Even if a wine is made entirely from one varietal, the grapes grown in one part of a vineyard can be markedly different from those harvested from another area. Blending together those different flavors is an art that must be developed by a winemaker.
Today as the winemaker at Luna Vineyards, she oversees the production of a collection of well-regarded, affordable wines.
What distinguished Luna Vineyards in its early days was the choice to produce Italian-style wines. When Michael Moone founded the vineyard in the mid-1990s, he wanted to produce wine modeled on the Italian wines he loved. He planted Pinot Grigio (white) and Sangiovese (red) grapes and blended the wines in a way that set them apart from the largely French style wines produced in the valley’s other vineyards.
Balancing work and a family
At times in their marriage, Miller’s husband Zak has worked half a world away at a winery in Chile. But now with Zaira, their little girl, to raise, Zak stays closer to home as an assistant winemaker at Domaine Carneros.
As harvest time approaches, they put the call out to their parents. When the grapes are ready to be picked, Shawna and Zak will be in the fields from before dawn until well into the night. Someone needs to be home with Zaira.
In the days before the harvest begins, Miller walks through the vineyard. The fat clusters of grapes hang heavily on the row upon row of well-tended vines. If the weather cooperates and no pests damage the grapes, she could have a very good year. She is always hoping that with luck and hard work, this year’s vintage could be one of the winery’s best.
Harvest – exciting and nerve wracking
With a last look at the refractometer that measures the sugar level of the grapes, Miller makes the call to the vineyard manager, “Ok, let’s take it.” And that’s when the real drama begins.

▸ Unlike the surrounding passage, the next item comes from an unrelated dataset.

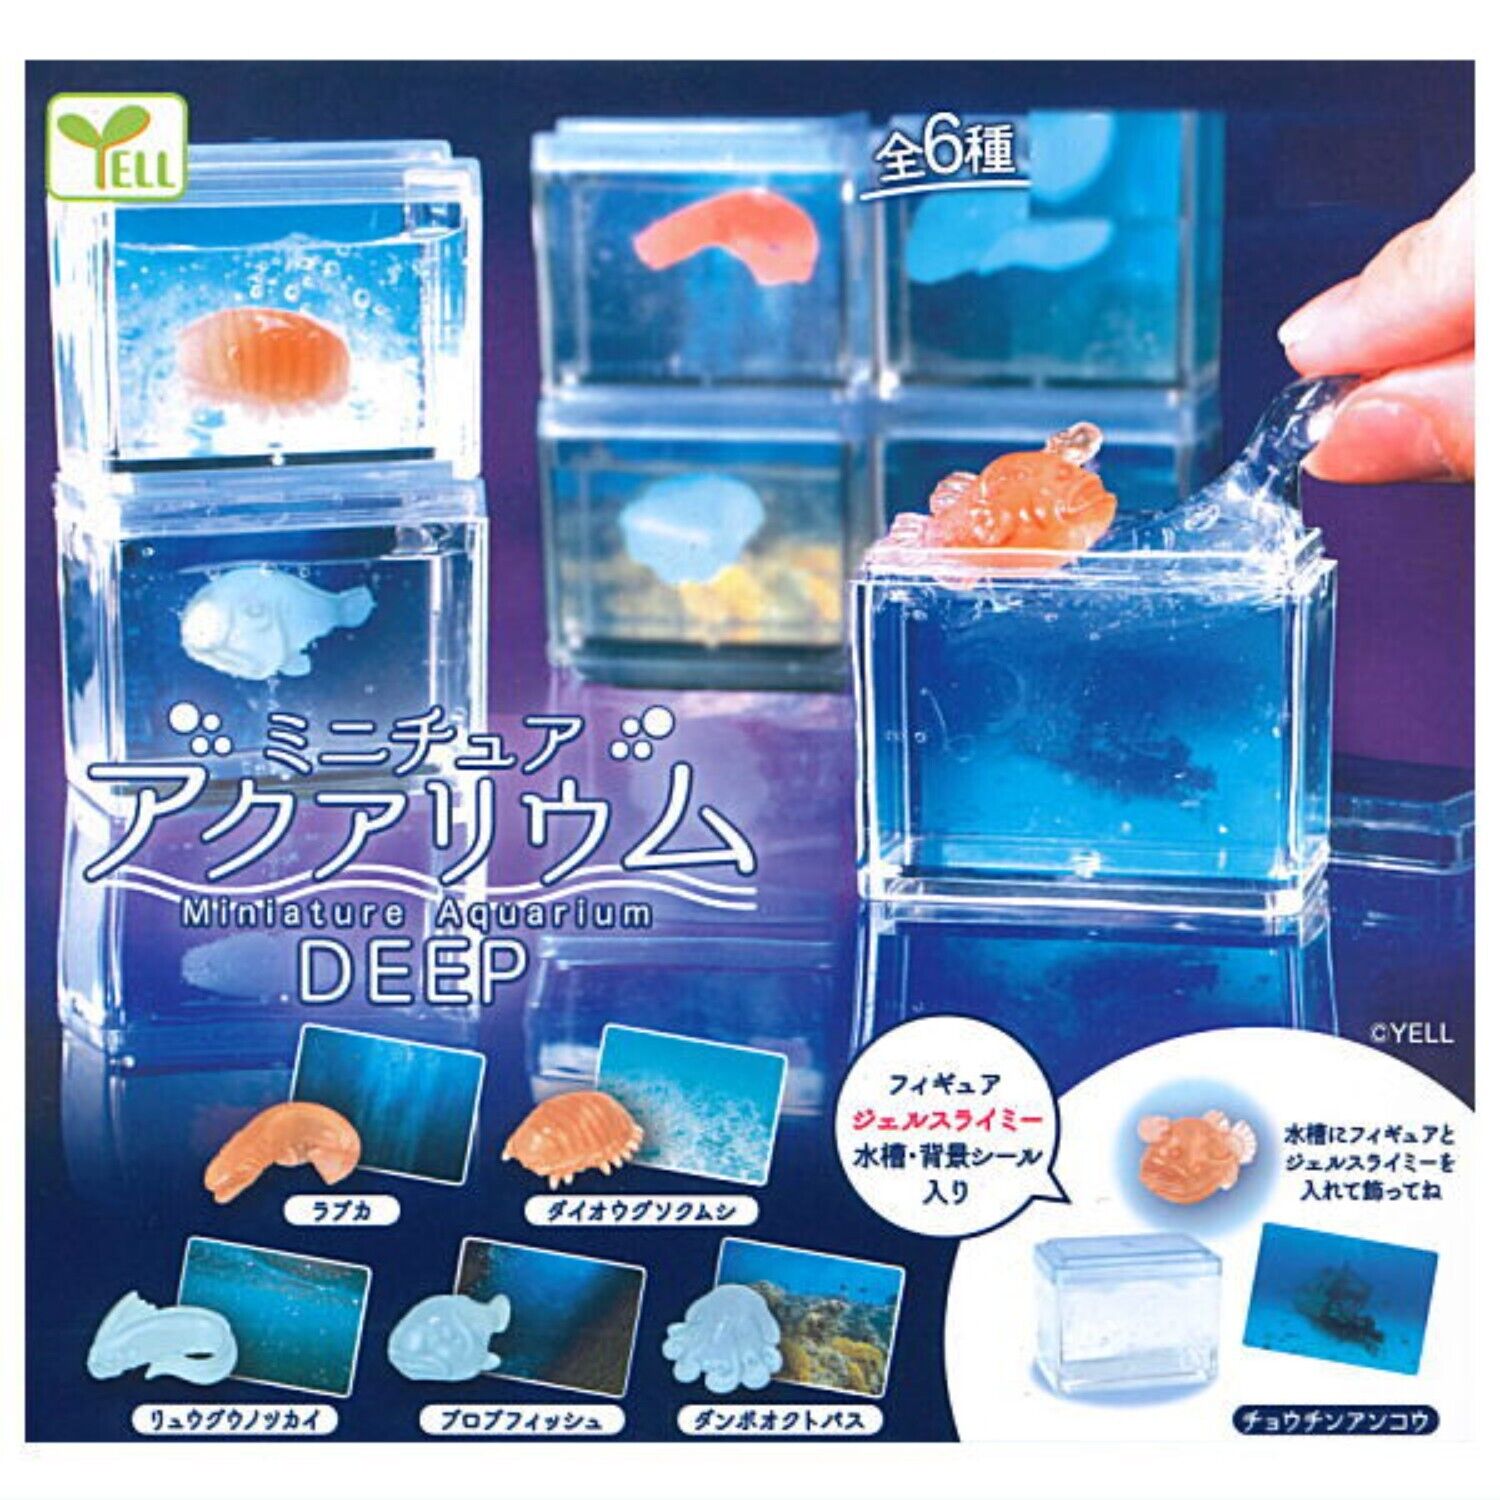 miniature aquarium DEEP Mascot Capsule Toy 6 Types Full Comp Set Gacha New Japan

The grapes are ready. Miller is ready. But during harvest time there is more work than workers available. Sometimes when she calls she is told there isn’t a crew available. The grapes won’t be picked for days.
During that waiting time she is at the mercy of the weather. If it gets too hot or if it rains, the grapes will be pushed past their prime and a vintage that could have been great will be less so.
At moments like this, all Miller can do is watch and wait. She busies herself, making sure the lab is ready and the fermentation tanks are clean. Finally, when the crew is available, it’s all hands on deck. Time for their parents to babysit Zaira.
Fermenting and then blending
What makes one wine different from another? Of course the quality and the variety of the grapes make a difference, but so too does the palate and skill of the winemaker.
Depending on the wine making style, the maturing wine spends time in stainless steel vats or in oak barrels. When Miller believes the wine is ready, she begins a series of trial blends that are like rough drafts. Making several blends, she and her team will sample and rate each, comparing that year’s wine with ones they liked from years before. Like the best chef, she will mix and combine until she has the flavor she loves. At that moment, she will call in the bottling crew.
During the year there are moments when Miller can take a break to spend time with her family. As all-consuming and as hard as the work can be, having time with Zak and Zaira is absolutely essential.
And then it’s time to start the process all over again. In spring the leaf buds poke through the dark wood. In the heat of the summer, the vines need to be tended, the grape clusters are thinned and the plants monitored for pests. And in the fall there is the harvest when so many moving parts have to work together to give Miller what she needs to make great wine.
At the end of the day, even with all those stresses Miller counts herself lucky to have a career she loves and to be living with her family in a valley that produces beautiful wines.